Florida Southern College Home To World’s Largest Single-Site Collection Of Frank Lloyd Wright Architecture

“Grow out of the ground and into the light, a child of the sun.”

Those were the words pioneer architect Frank Lloyd Wright used to describe the buildings he would create to transform Florida Southern College’s campus.

Dr. Ludd M. Spivey, the college’s president at the time, contacted Wright in an effort to modernize the oldest four-year private college in the Sunshine State.

Wright designed 18 structures that would embrace his philosophy of organic architecture.

“When you go into a Frank Lloyd Wright building, at the entrance, the ceilings are lowered,” Mark Tlachac, former director of the Frank Lloyd Wright Visitors Center, told Fox 13 News. “He wants you to feel compressed. When you move in, the ceilings soar. That’s the release. Compression to release.”

Construction on the Annie Pfeiffer Chapel, which has been fully restored, began in 1938 and was the first of the 12 structures that came to fruition during his lifetime.

Other works sprawled across the 100-acre lakeside orange grove included a fountain called the “Water Dome” and walkways known as the “Esplanades.”

Most of the structures were built by students, who Florida Southern College offered free education to during the Great Depression if they helped with construction. The student’s crafted Wright’s patented “textile blocks” out of local materials, which simplified design and construction.

The most recent structure constructed on the school grounds was the “Usonian,” which was built in 2013. The project used Wright’s textbook textile blocks, which posed a problem for the construction team trying to execute the architect’s 1939 design.

“Nobody builds these. You can’t go to The Home Depot and buy textile blocks,” Florida Southern College docent Paul Waterman told the Herald Tribune. “There is 10,000 linear feet of cypress wood, which is hard to get.”

But the hard work was worth it. Tlachac raved about Wright’s Usonian design in a video produced for Polk County government.

“When the sun shines, it is like little jewels coming into the building,” he said.

Wright adopted the word Usonian to describe his vision for the landscape of the United States.

“Wright’s concept for creating a uniquely American architecture has as a central premise that our buildings should be tied to our unique natural environment and not rooted to European precedent,” Sarasota architect Greg Hall told the Herald Tribune. “This continues to have a great influence on architects.

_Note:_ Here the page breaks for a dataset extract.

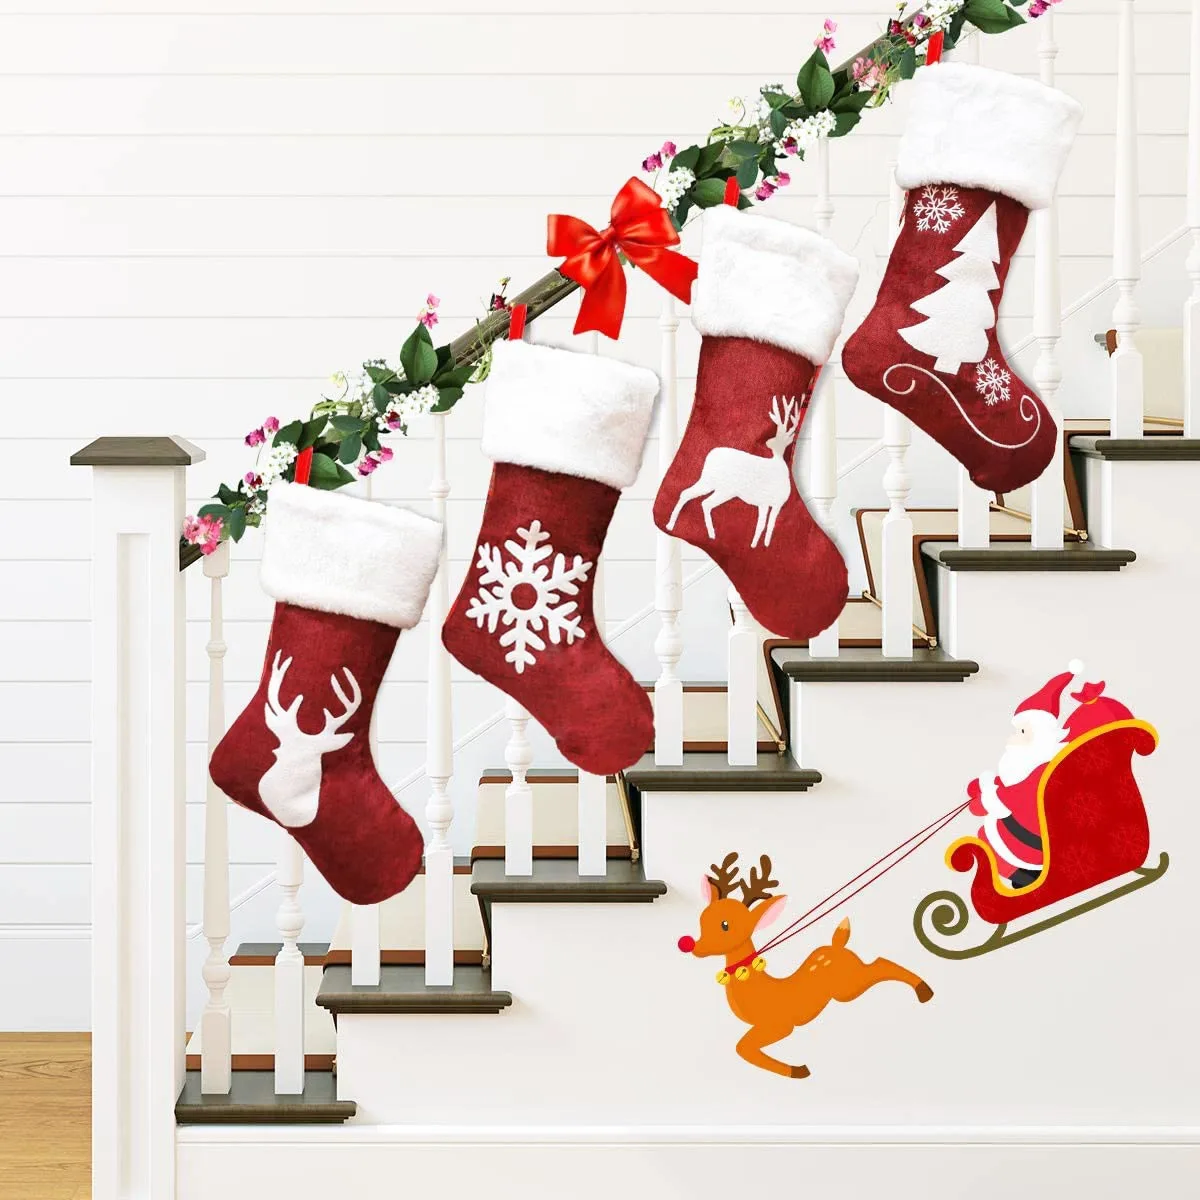 2023 Christmas Stockings Sock Wreat Santa Stockings Decorations for Home Outdoor 2024 New Year Xmas Holiday Cute Decorating 2pcs

He built approximately 60 of these Usonian houses that aimed to deliver high-design standards to middle-class families.

According to Waterman, “Wright believed architecture for the middle-class was lacking in the U.S.”

The 1,700-square-foot Usonian at Florida Southern College is located next to the Sharp Family Tourism and Education Center, which is the first stop for those wishing to tour the campus.

Voted “The Most Beautiful Campus in the Nation” by the Princeton Review, visitors can take tours ranging from an hour to two-and-half hours.

“Like any great piece of architecture, it really needs to be experienced,” architect Jeff Baker, who supervised construction, told The Ledger. “Models and photographs don’t really capture the feel of it. Even for me – I have been watching this house go up all this time, and I was even really shocked when I came in at its beauty.”

In 2012, the Florida Southern College Historic District was designated a National Historic Landmark by the National Park Service.